### What you will do
Pictures stay out of the copy; output exactly the lines from the one containing "Laredo Chair" through the end of the material.

### Data

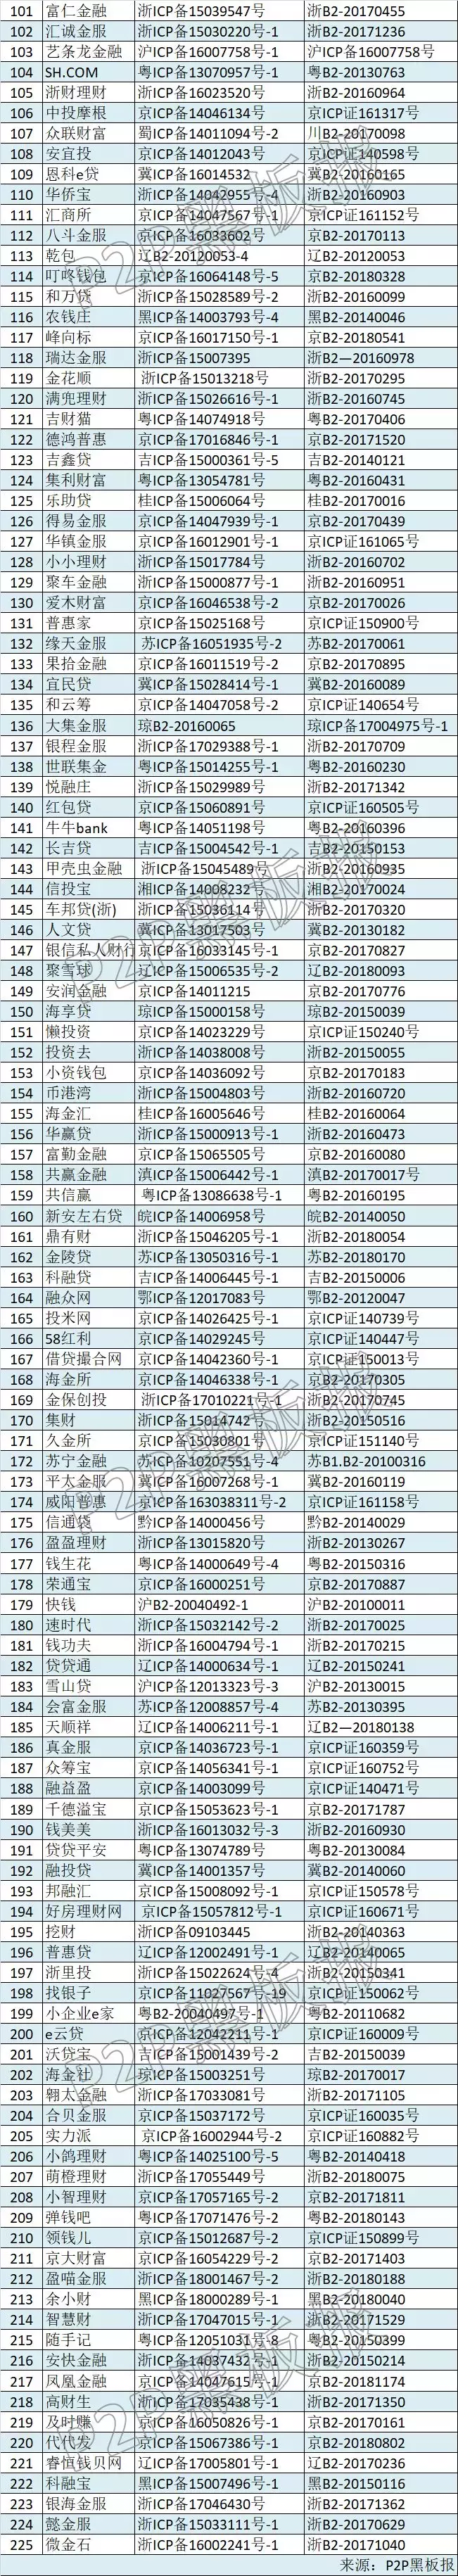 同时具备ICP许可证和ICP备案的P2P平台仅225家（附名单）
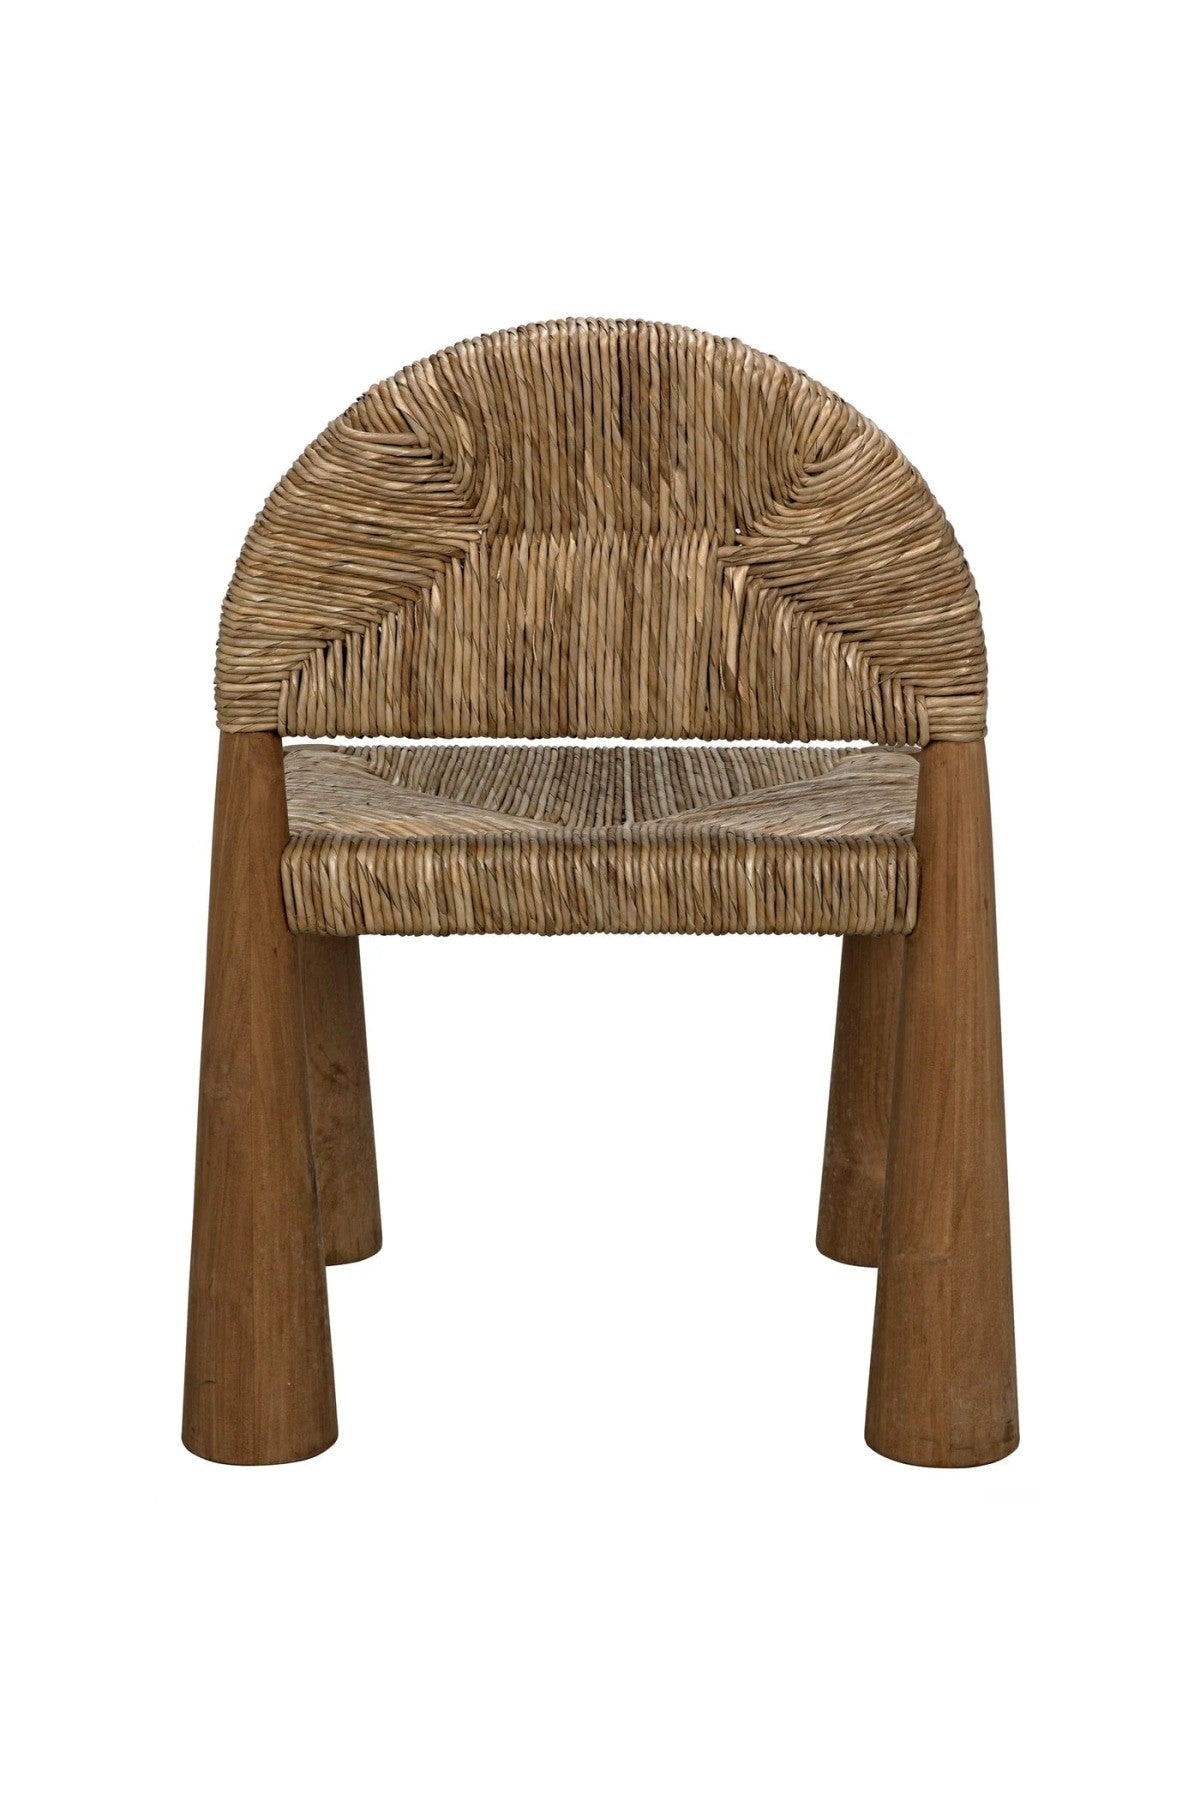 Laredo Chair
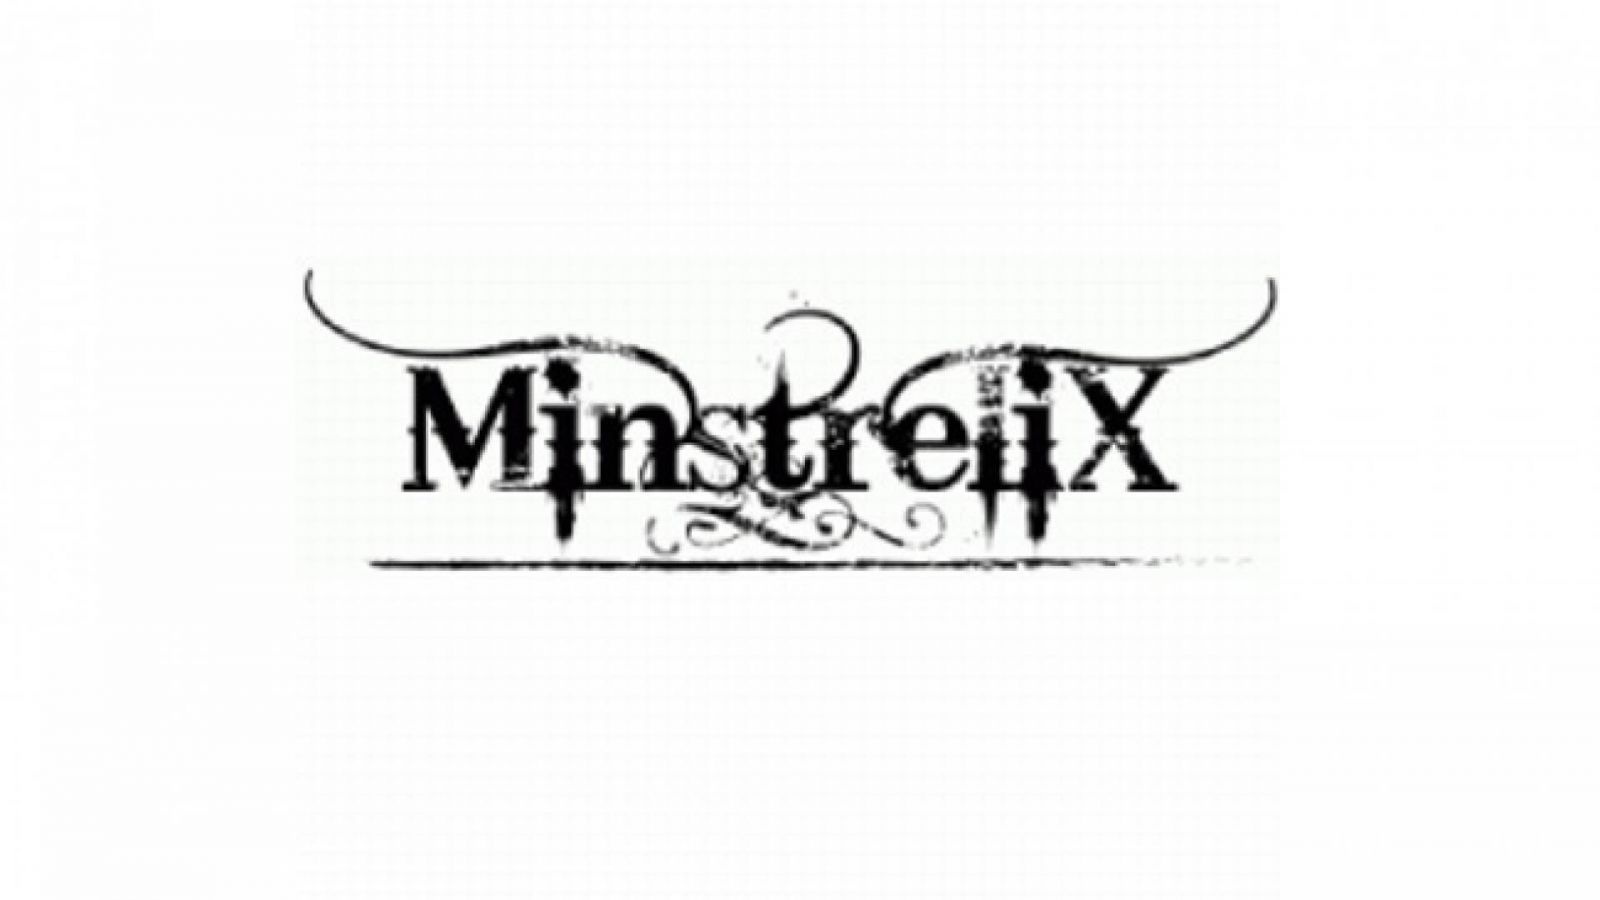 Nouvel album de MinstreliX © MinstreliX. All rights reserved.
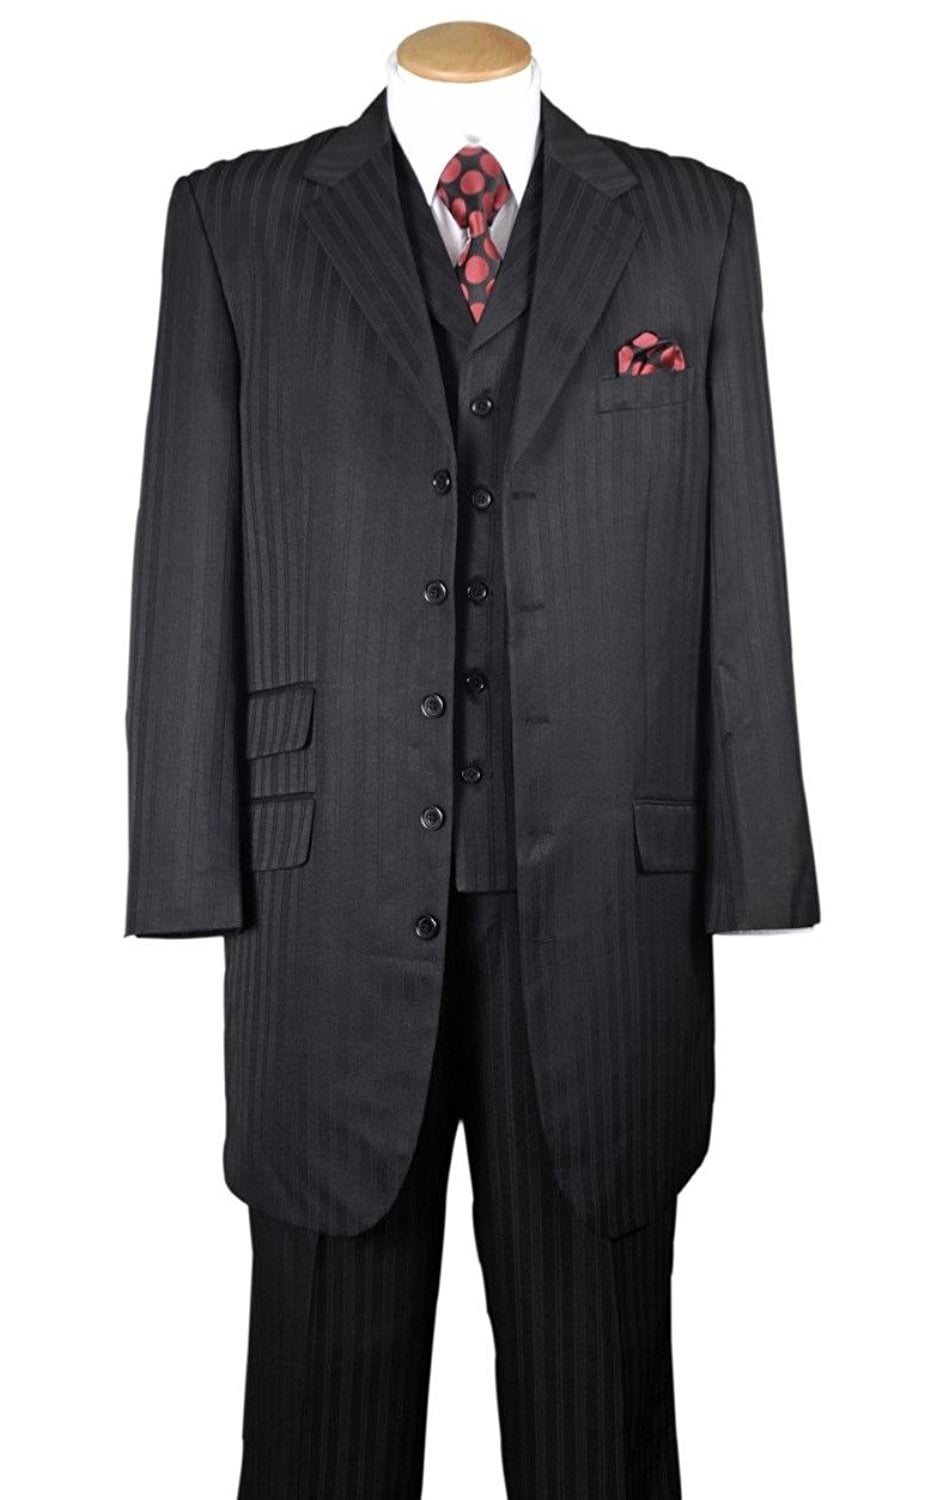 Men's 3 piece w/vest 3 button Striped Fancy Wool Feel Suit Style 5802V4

### Written response
 Laredo Chair
 Nouvel album de MinstreliX © MinstreliX. All rights reserved.
 Men's 3 piece w/vest 3 button Striped Fancy Wool Feel Suit Style 5802V4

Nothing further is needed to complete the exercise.